Convention on the Prevention of Marine Pollution by Dumping of Wastes and Other Matter

Adoption: 13 November 1972; Entry into force: 30 August 1975; 1996 Protocol: Adoption: 7 November 1996; Entry into force: 24 March 2006

The Inter-Governmental Conference on the Convention on the Dumping of Wastes at Sea, which met in London in November 1972 at the invitation of the United Kingdom, adopted this instrument, generally known as the London Convention. The London Convention, one of the first international conventions for the protection of the marine environment from human activities, came into force on 30 August 1975. Since 1977, it has been administered by IMO.
The London Convention contributes to the international control and prevention of marine pollution by prohibiting the dumping of certain hazardous materials. In addition, a special permit is required prior to dumping of a number of other identified materials and a general permit for other wastes or matter.
"Dumping" has been defined as the deliberate disposal at sea of wastes or other matter from vessels, aircraft, platforms or other man-made structures, as well as the deliberate disposal of these vessels or platforms themselves. Annexes list wastes which cannot be dumped and others for which a special dumping permit is required. 
Amendments adopted in 1993 (which entered into force in 1994) banned the dumping into sea of low-level radioactive wastes. In addition, the amendments phased out the dumping of industrial wastes by 31 December 1995 and banned the incineration at sea of industrial wastes.
In 1996, Parties adopted a Protocol to the Convention on the Prevention of Marine Pollution by Dumping of Wastes and Other Matter, 1972 (known as the London Protocol) which entered into force in 2006.
The Protocol, which is meant to eventually replace the 1972 Convention, represents a major change of approach to the question of how to regulate the use of the sea as a depository for waste materials. Rather than stating which materials may not be dumped, it prohibits all dumping, except for possibly acceptable wastes on the so-called "reverse list", contained in an annex to the Protocol.
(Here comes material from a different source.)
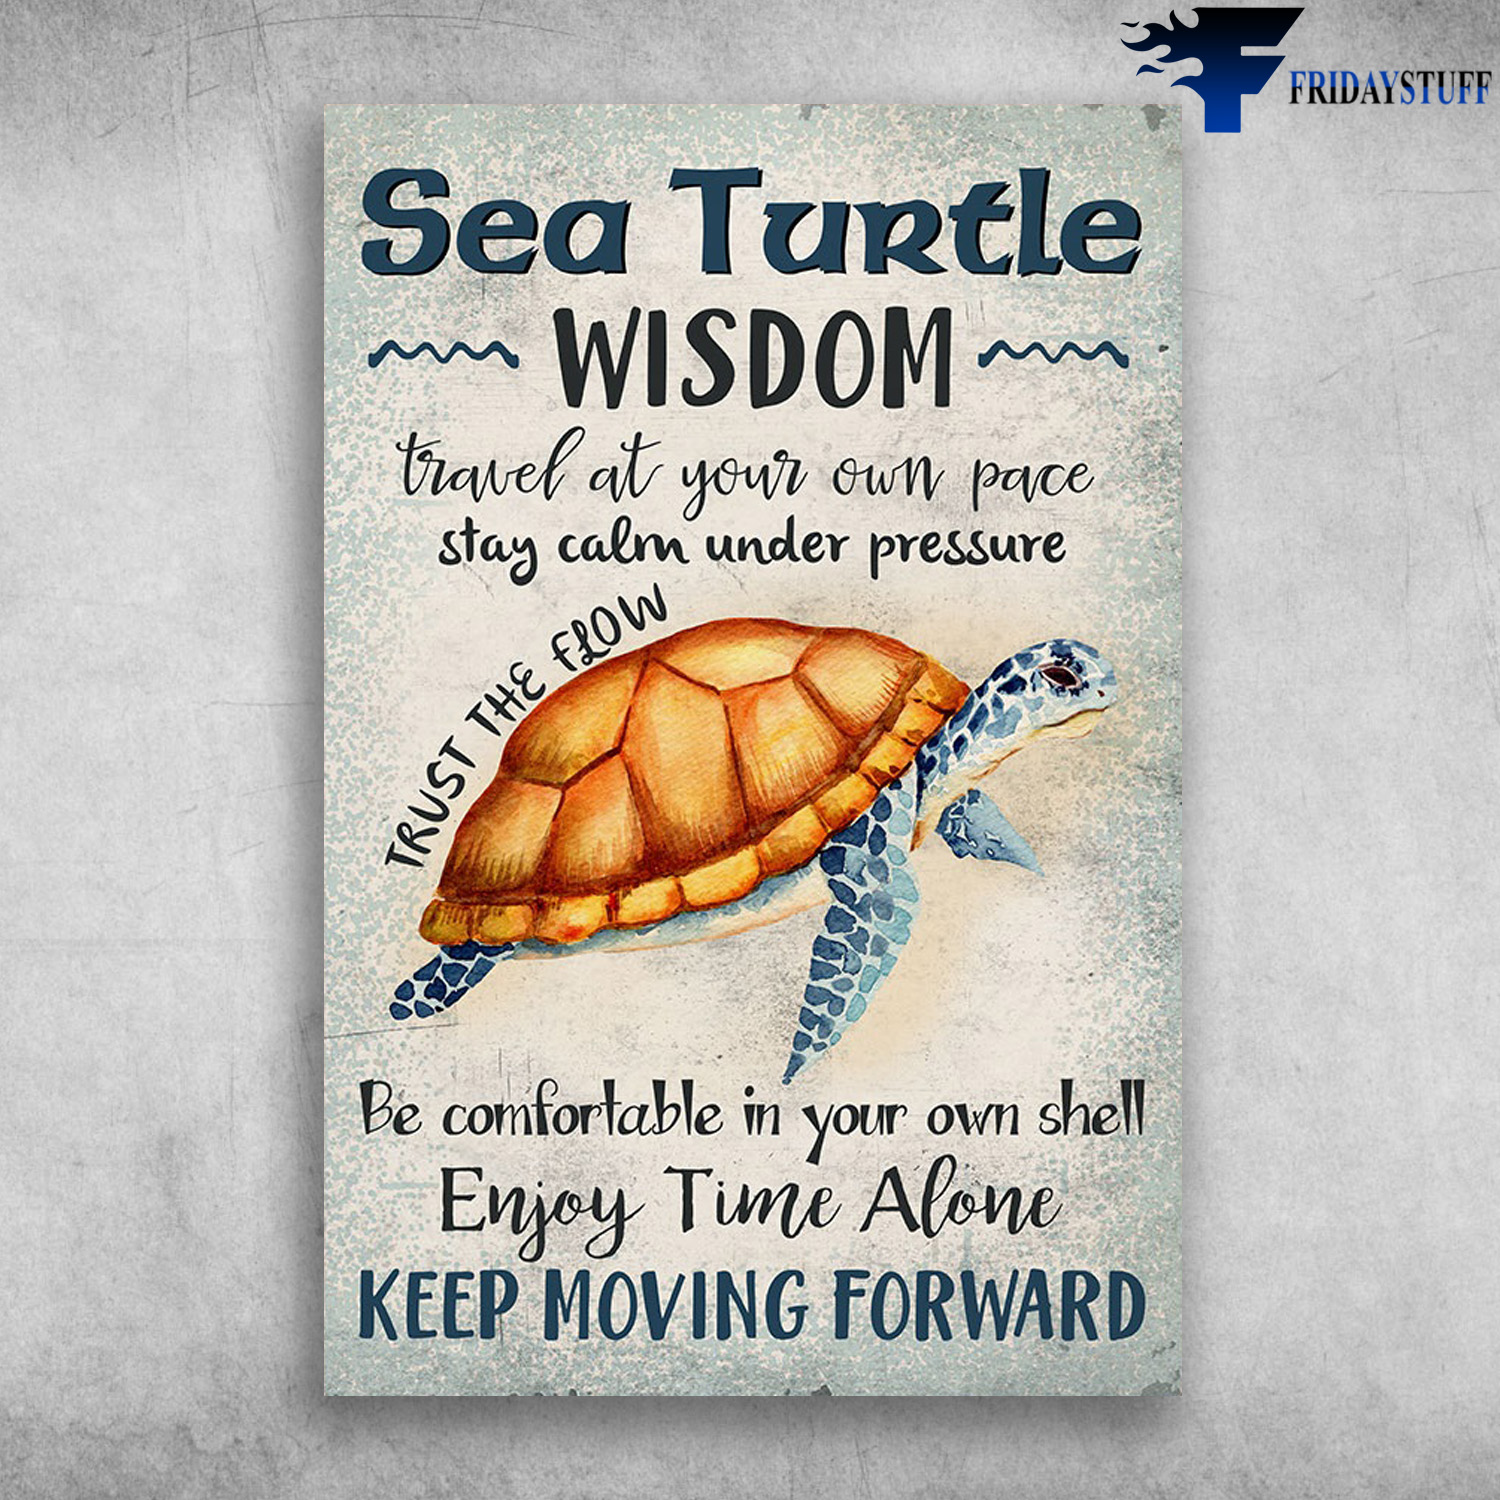 Sea Turtle Wisdom - Travel At Your Own Pace, Stay Calm Under Pressure, Trust The Flow, Be Comfortable In Your Own Shell, Enjoy Time Alone, Keep Moving Forward

The London Protocol stresses the “precautionary approach”, which requires that “appropriate preventative measures are taken when there is reason to believe that wastes or other matter introduced into the marine environment are likely to cause harm even when there is no conclusive evidence to prove a causal relation between inputs and their effects”.
It also states that "the polluter should, in principle, bear the cost of pollution" and emphasizes that Contracting Parties should ensure that the Protocol should not simply result in pollution being transferred from one part of the environment to another.
The Contracting Parties to the London Convention and Protocol have recently taken steps to mitigate the impacts of increasing concentrations of CO2 in the atmosphere (and consequently in the marine environment) and to ensure that new technologies that aim to engineer the climate, and have the potential to cause harm to the marine environment, are effectively controlled and regulated. The instruments have, so far, been the most advanced international regulatory instruments addressing carbon capture and sequestration in sub-sea geological formations and marine climate engineering such as ocean fertilization.
The 1996 Protocol restricts all dumping except for a permitted list (which still require permits). 
Article 4 states that Contracting Parties "shall prohibit the dumping of any wastes or other matter with the exception of those listed in Annex 1."
The permitted substances are:
1. Dredged material
2. Sewage sludge
3. Fish waste, or material resulting from industrial fish processing operations
4. Vessels and platforms or other man-made structures at sea
5. Inert, inorganic geological material
6. Organic material of natural origin
7. Bulky items primarily comprising iron, steel, concrete and similar unharmful materials for which the concern is physical impact and limited to those circumstances, where such wastes are generated at locations, such as small islands with isolated communities, having no practicable access to disposal options other than dumping
8. CO2 streams from CO2 capture processes.